I agree with your posting.
Thus, I would say electric vehicles, powered my mechanisms as close to direct solar and nuclear energy as is possible, safe, globally-deployable, and economical, in that order of evaluation.
Every other vehicle type seems to have too high a carbon-cost for the results attained (e.g., our individual and group convenience in our way of life, our thriving, our sustainment, our survival in an increasingly crowded world). This high cost comes from eventually having to clean up our production bi-products, or else begin to irreparably damage many species on a planetary scale, including our own, and perhaps perish.
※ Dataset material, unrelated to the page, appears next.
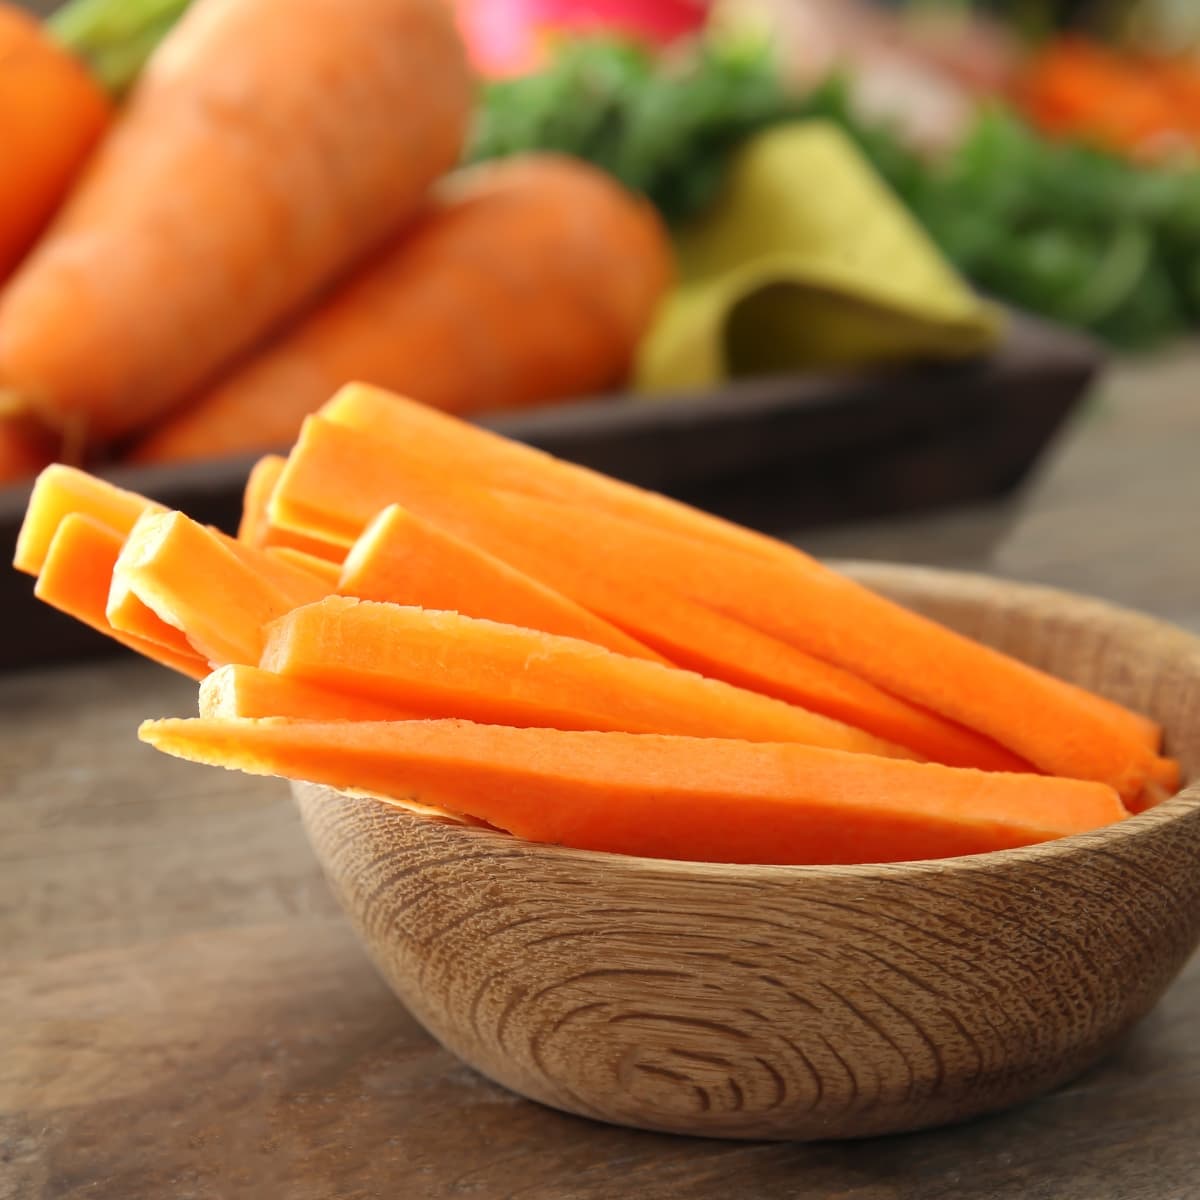 Raw Carrot Sticks in a Wooden Bowl on a Wooden Table with Whole Raw Carrots in the Background
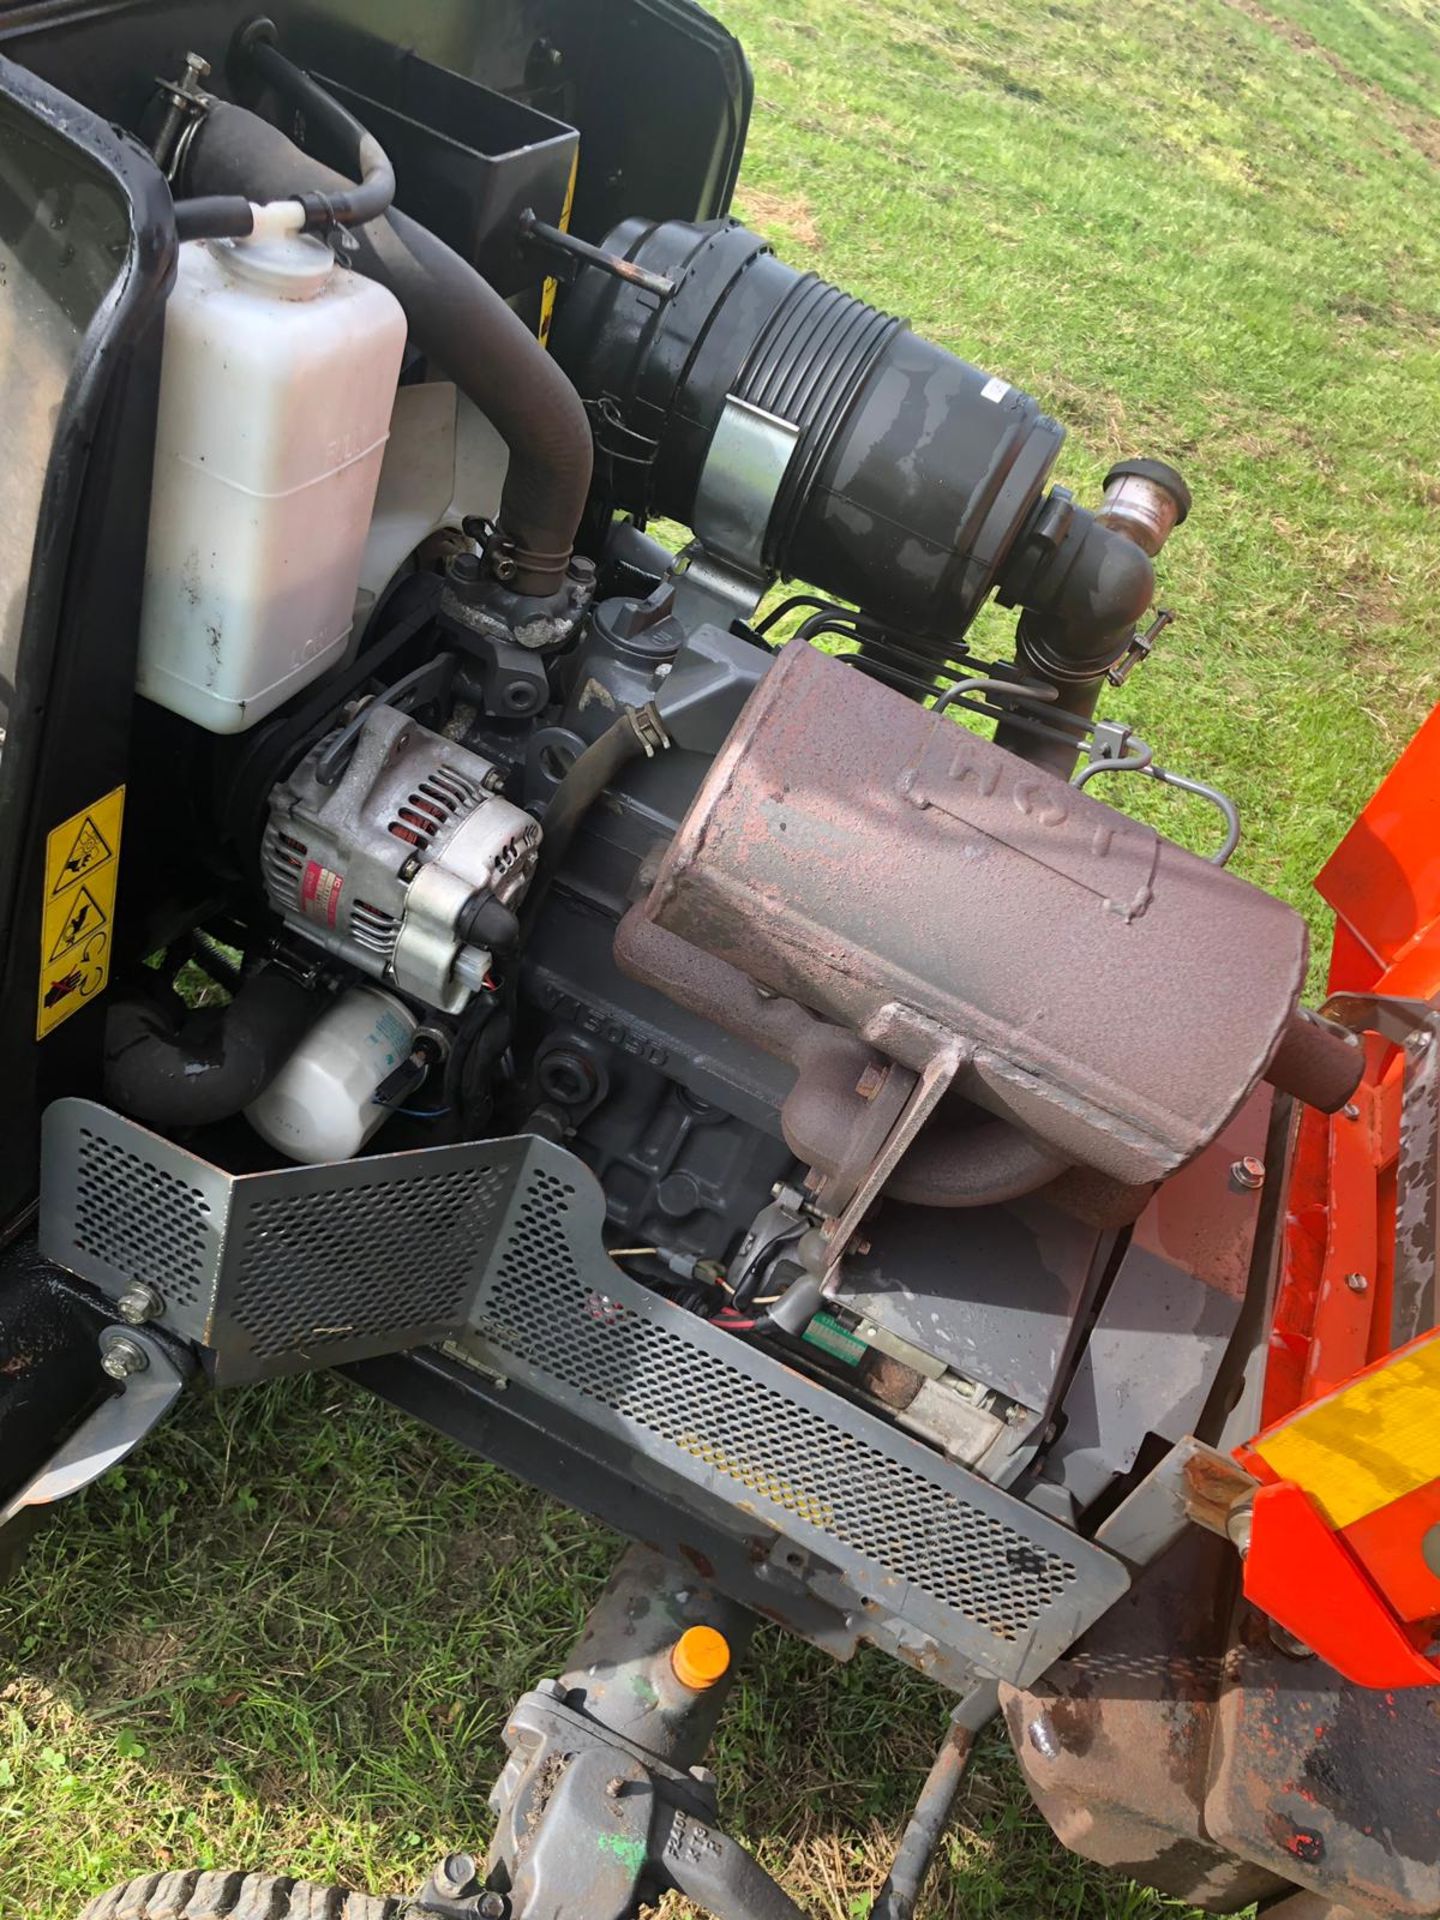 KUBTOA F3680 RIDE ON LAWN MOWER, RUNS WORKS AND CUTS, YEAR 2013 *PLUS VAT* - Image 8 of 8

I would describe it as follows. Count the number of "conversion" steps from the natural source (e.g., sun, wind, soil, sea, volcanic/geo-thermal, geologic hydrocarbon, nuclear forces) to the delivery of the results we value (e.g., free vehicle mileage with no maintenance), calculate the collection cost (i.e., collecting, storing, loading into production mechanism such as vehicle) per use, calculate the collection infrastructure/manufacturing and maintenance costs, calculate the greenhouse gas remediation costs (e.g., carbon costs). Plug those into a formula, and see which source/collection/conversion/production/remediation life cycle scenario has the highest overall value to the planet (not to the person, nation, industry, or our species). Note that the greenhouse-gas remediation cost will probably be a dominant factor in determining this value of planetary energy consumption for planetary production.
I would speculate that this formula would show solar and nuclear to be the most efficient energy sources overall, with these also having the least likelihood of disrupting the planetary balance between our needs for production and the planet's need to sustain and enrich itself and us.